Взгляд его непроницаемых глаз скользит по мне, оценивает. За несколько недель, что я работаю у Рэнди, я заметно подурнела: сказались стресс и нужда. Мне тридцать четыре, но я чувствую себя – и выгляжу – старше. Будь у меня косметика, я затушевала бы следы усталости и переживаемых невзгод, но сейчас все это без прикрас отражается на моем лице. Волосы я стянула на затылке резинкой, однако несколько завитков выбились и пушатся от влажности, исходящей из кухни. Неужели мой босс принимает меня за наркоманку? Думает, что деньги нужны мне на дозу?
– Моя машина припаркована за кафе, – быстро добавляю я. – Можешь сам убедиться, что окно разбито. Грабитель стащил мою сумку и телефон.
– Если я уступлю твоей просьбе, значит, мне придется и другим не отказывать, – равнодушно пожимает он плечами. – Извини.
Сердце в груди трепещет от паники. Я не могу спать, оставаясь легкой добычей для всех и каждого. Весенними ночами на улице свежо, но не холод, а страх не даст мне заснуть. Если объяснить Рэнди, что машина – это мой дом, что, если я буду спать в тачке с выбитым стеклом, меня могут изнасиловать или убить, пойдет ли он мне навстречу? Но я не могу ему это сказать. Гордость не позволяет. Плотно сжав губы, я иду на кухню за очередным заказом.
К столику у окна я приношу две тарелки с сосисками, яйцами и блинами. Меня благодарят кивком, и я выдавливаю вежливую улыбку. Мои усилия минимальны. Не то что в собственном ресторане. Там я постоянно была в зале, встречала и очаровывала посетителей. Здесь я официантка – подай-принеси. Я подхожу к соседнему освободившемуся столику, сгребаю в передник оставленную мелочь, собираю грязную посуду. На тарелке – полпорции подрумяненного на гриле сыра, соблазнительно нетронутого.

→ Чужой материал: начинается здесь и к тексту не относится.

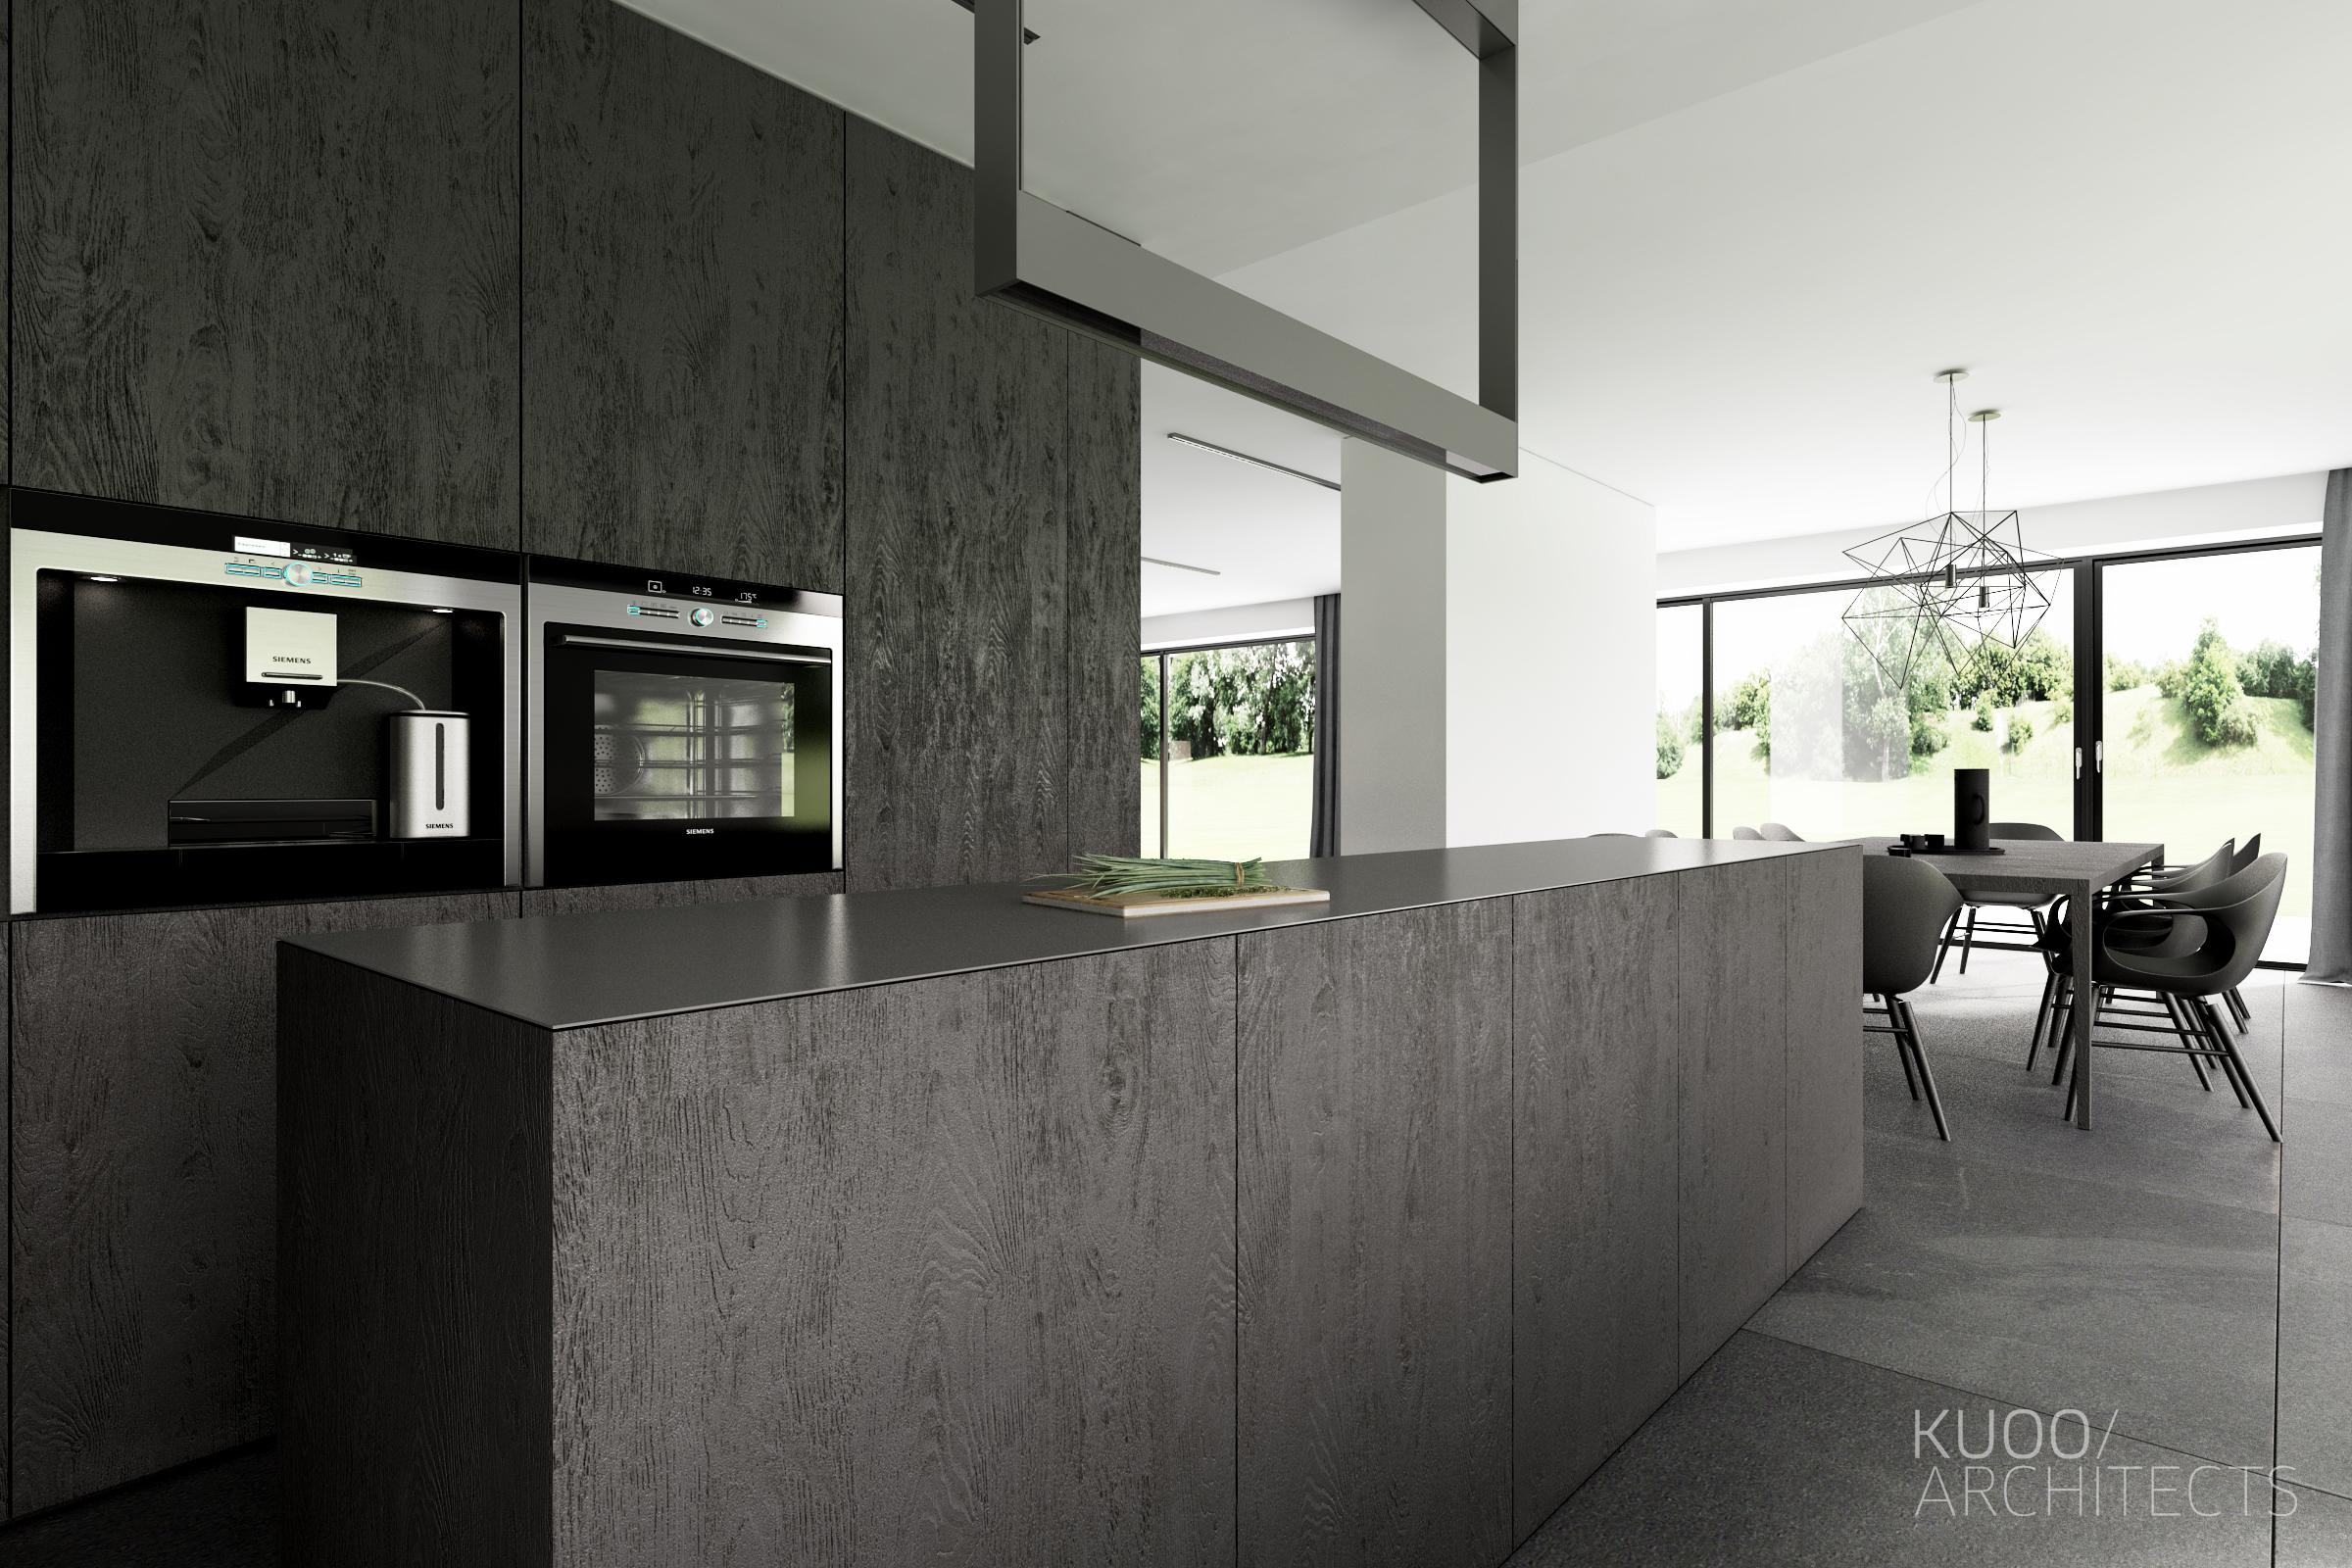 kuoo_architects_interior_design_minimal_contemporary (3) logo

По прибытии на работу я съела чизбургер, перед уходом поем яичницу, а сыр мог бы стать завтрашним завтраком. Чтобы не поддаться искушению, я опрокидываю на него чашку с остатками кофе. Не опущусь до того, чтобы есть объедки с чужой тарелки. Во всяком случае, пока.
В глубине кухни я сваливаю грязные тарелки и бокалы в раковину, а потом слышу:
– Эй, Ли.
Тон дружелюбный, располагающий к разговору, и я не сразу соображаю, что обращаются ко мне. Поворачиваюсь и вижу, что меня окликнул Винсент, наш повар. Он чуть моложе меня, подтянутый, жилистый, невероятно энергичный. Мог бы сделать неплохую карьеру, если бы не татуировки на лице, ограничивающие его перспективы. Над левой бровью выгибается скорпион, правую скулу украшает маленькая звездочка. Если у Рэнди глаза холодные, голубые, то у Винсента они черные, жгучие, аж дрожь пробирает. Мне он не нравится. Почему? Сама не знаю. Мы почти не общаемся, разве что по работе.
– Слышал, тебя ограбили? – интересуется Винсент, подходя ко мне.
– Да.
– Новый телефон нужен? – тихо спрашивает он, придвигаясь ближе.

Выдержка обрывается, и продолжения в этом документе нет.